The ICH E9 (R1) draft addendum provides a general framework to ensure alignment of trial planning, trial design, trial conduct, data analysis and interpretation of results. Clearly defining the estimand(s) for a trial provides greater clarity with respect to the type of treatment effect being estimated. Defining an estimand is a multidisciplinary task and the relevance of a specific estimand depends on the clinical setting. The ICH E9 (R1) draft addendum does not recommend the use of specific estimands, but rather, introduces the general framework and the concept of estimands.

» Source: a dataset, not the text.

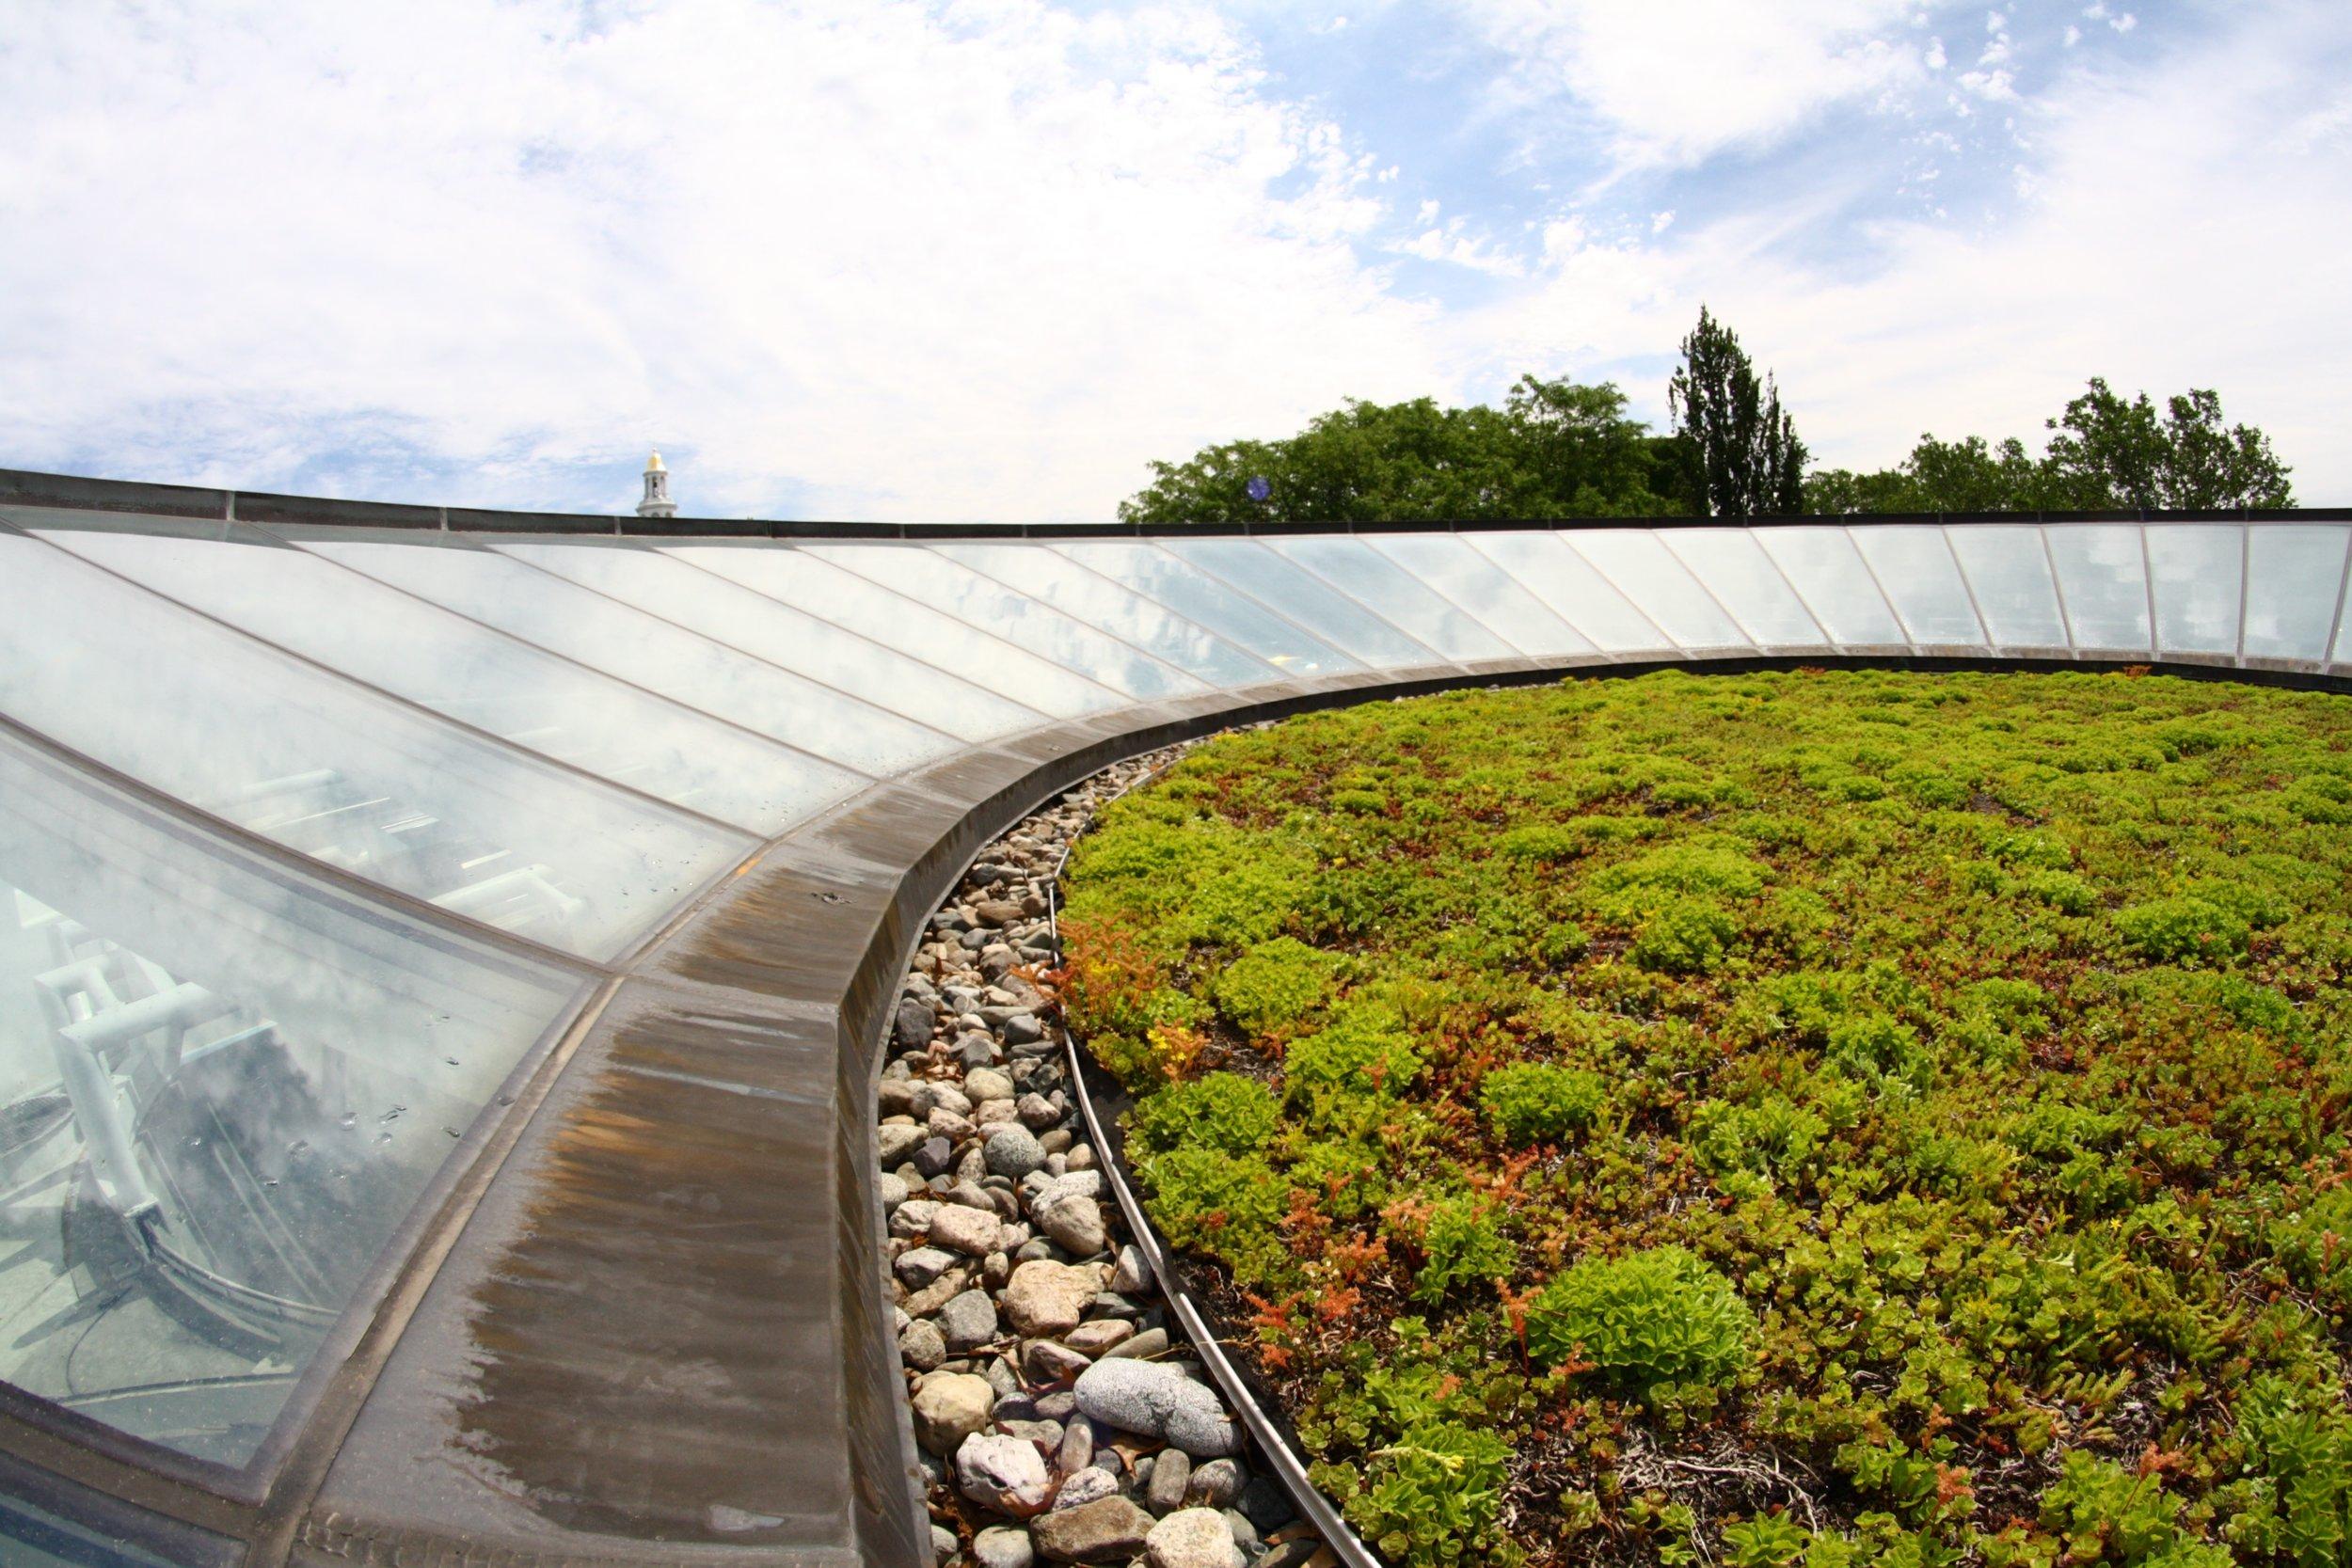 recover-green-roofs-harvard-business-school-garden-2016-9.jpg

Including more than one estimand allows evaluation of the treatment effect from different perspectives. Clinicians may find the treatment effect determined by the trial product estimand to be of interest when assessing and comparing effects of different therapeutic choices, as this targets the expected treatment effect assuming that a patient continues to use trial product without the need for rescue medication. Complementing the understanding of the trial product treatment effect is the overall effect, that is, the efficacy and tolerability of a therapeutic choice or pathway. Hence, the treatment policy estimand, which accounts for the addition of rescue medication, as well as discontinuation and/or switch of medication because of tolerability concerns, may provide a broader perspective concerning treatment effect. The approaches are complementary in understanding the full treatment effect of medication within different scenarios.

As seen in the PIONEER trial programme, estimands are now being incorporated in type 2 diabetes clinical trials. Greater familiarity with the concept of estimands and the reasons why estimands have been introduced, along with an appreciation of the clarity provided by use of estimands, will help clinicians who treat diabetes in interpreting and comparing trial results and in making informed clinical decisions.

CONFLICT OF INTEREST

V. R. A. has served as a consultant for Adocia, AstraZeneca, BD, Novo Nordisk, Sanofi and Zafgen; has received research grant support to her employing institution from AstraZeneca/BMS, Calibra, Eisai, Janssen, Novo Nordisk, Sanofi and Theracos; and declares that her spouse is an employee of Merck.

J. B. has received contracted consulting fees that are paid to the University of North Carolina from Adocia, AstraZeneca, Dance Biopharm, Dexcom, Elcelyx Therapeutics, Eli Lilly, Fractyl, GI Dynamics, Intarcia Therapeutics, Lexicon, MannKind, Metavention, NovaTarg, Novo Nordisk, Orexigen, PhaseBio, Sanofi, Senseonics, Shenzhen HighTide, Takeda, vTv Therapeutics and Zafgen; has received grant support from AstraZeneca, Eli Lilly, GI Dynamics, GlaxoSmithKline, Intarcia Therapeutics, Johnson & Johnson, Lexicon, Medtronic, Novo Nordisk, Orexigen, Sanofi, Scion NeuroStim, Takeda, Theracos and vTv Therapeutics; has served as a consultant to Neurimmune AG; holds stock options in Mellitus Health, PhaseBio and Stability Health; and is supported by a grant from the National Institutes of Health (UL1TR002489).

M. J. D. has served as a consultant, advisory board member and speaker for Novo Nordisk, Sanofi‐Aventis and Lilly; has served as an advisory board member for Servier and Janssen; has served as a speaker for Boehringer Ingelheim and Takeda Pharmaceuticals International Inc; has received grants in support of the investigator and investigator‐initiated trials from Novo Nordisk, Sanofi‐Aventis, Lilly, Boehringer Ingelheim and Janssen.

T. S., M. D. and J. Z. are employees of Novo Nordisk A/S. T. S. and M. D. also hold shares in Novo Nordisk A/S.

AUTHOR CONTRIBUTIONS

The article was conceived by V. R. A., T. S. and M. D., V. R. A and T. S. drafted the article with J. B. B., M. D., J. Z. and M. J. D. critically revising the article. All authors approved the final version.